000 Xxxx 00xx Xxxxxx
Xxxxx 0000
Xxx Xxxx, Xxx Xxxx 00000
Gentlemen:
Reference is made to the amended and restated stock purchase agreement,
dated as of August 30, 2000 (the "Purchase Agreement"), among Commodore Applied
Technologies, Inc. ("Commodore"), Xxxxxxx X. Xxxxxxx ("Xxxxxxx"), Xxxxx X.
Xxxxxxxx ("Xxxxxxxx") and Dispute Resolution Management, Inc. ("DRM"). Unless
otherwise expressly defined herein, all capitalized terms used in this letter
shall have the same meaning as is defined in the Purchase Agreement.
In connection with the transactions contemplated by the Purchase
Agreement, Commodore acquired; 81% of the issued and outstanding shares of
capital stock of DRM from Xxxxxxx and Speciale.

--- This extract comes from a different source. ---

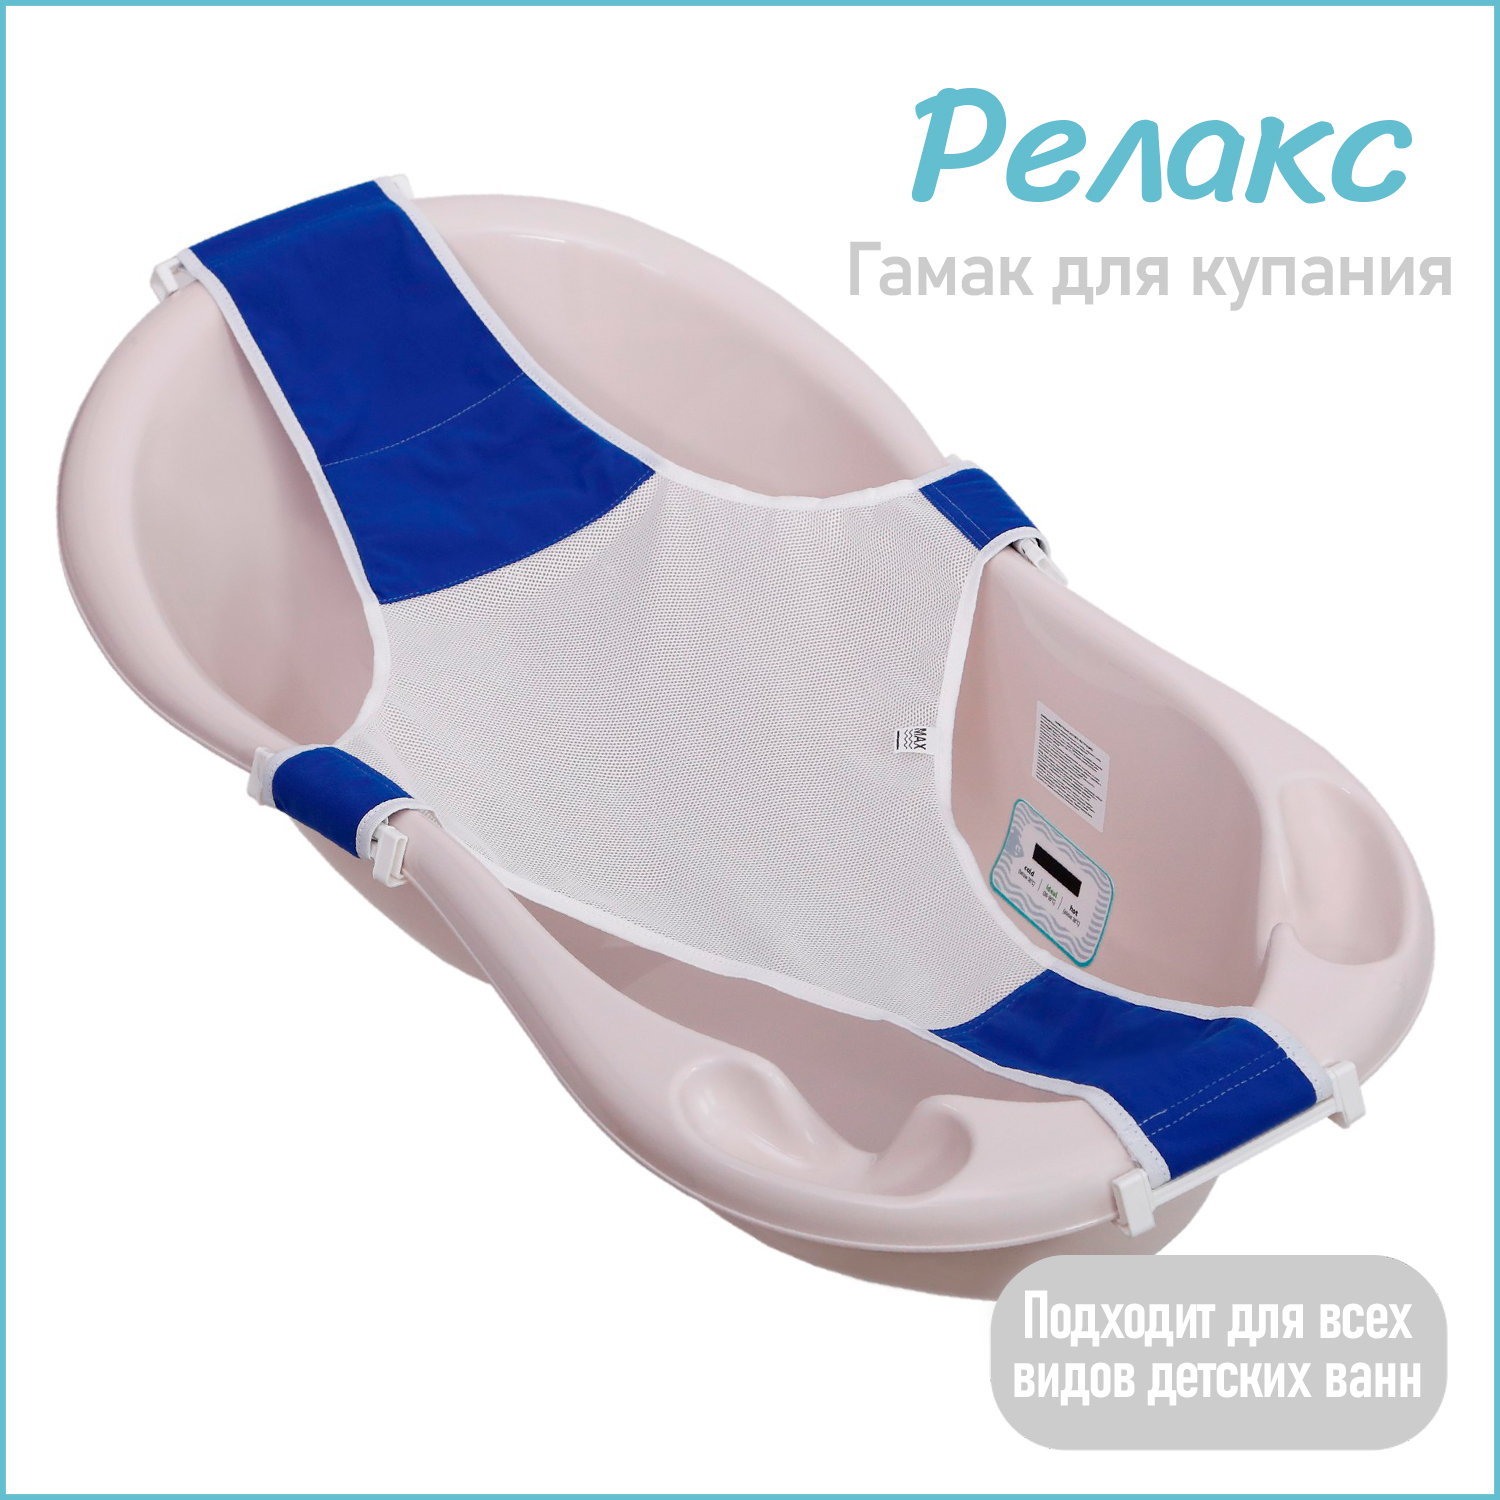 Горка гамак для купания новорожденных KidWick для детской ванночки Relax, синий, K0243000 горка для купания новорожденных kidwick дельфин фиолетовая

It is acknowledged that,
pursuant to the terms of the Purchase Agreement, 35% of all DRM Cash Flow (as
defined) is subject to distribution to Xxxxxxx and Xxxxxxxx and the balance is
to be either retained by DRM for working capital and/or other corporate purposes
or, if approved by the board of directors of DRM and by Xxxxxxx and Speciale,
may be distributed to Commodore as an intercompany dividend or loan.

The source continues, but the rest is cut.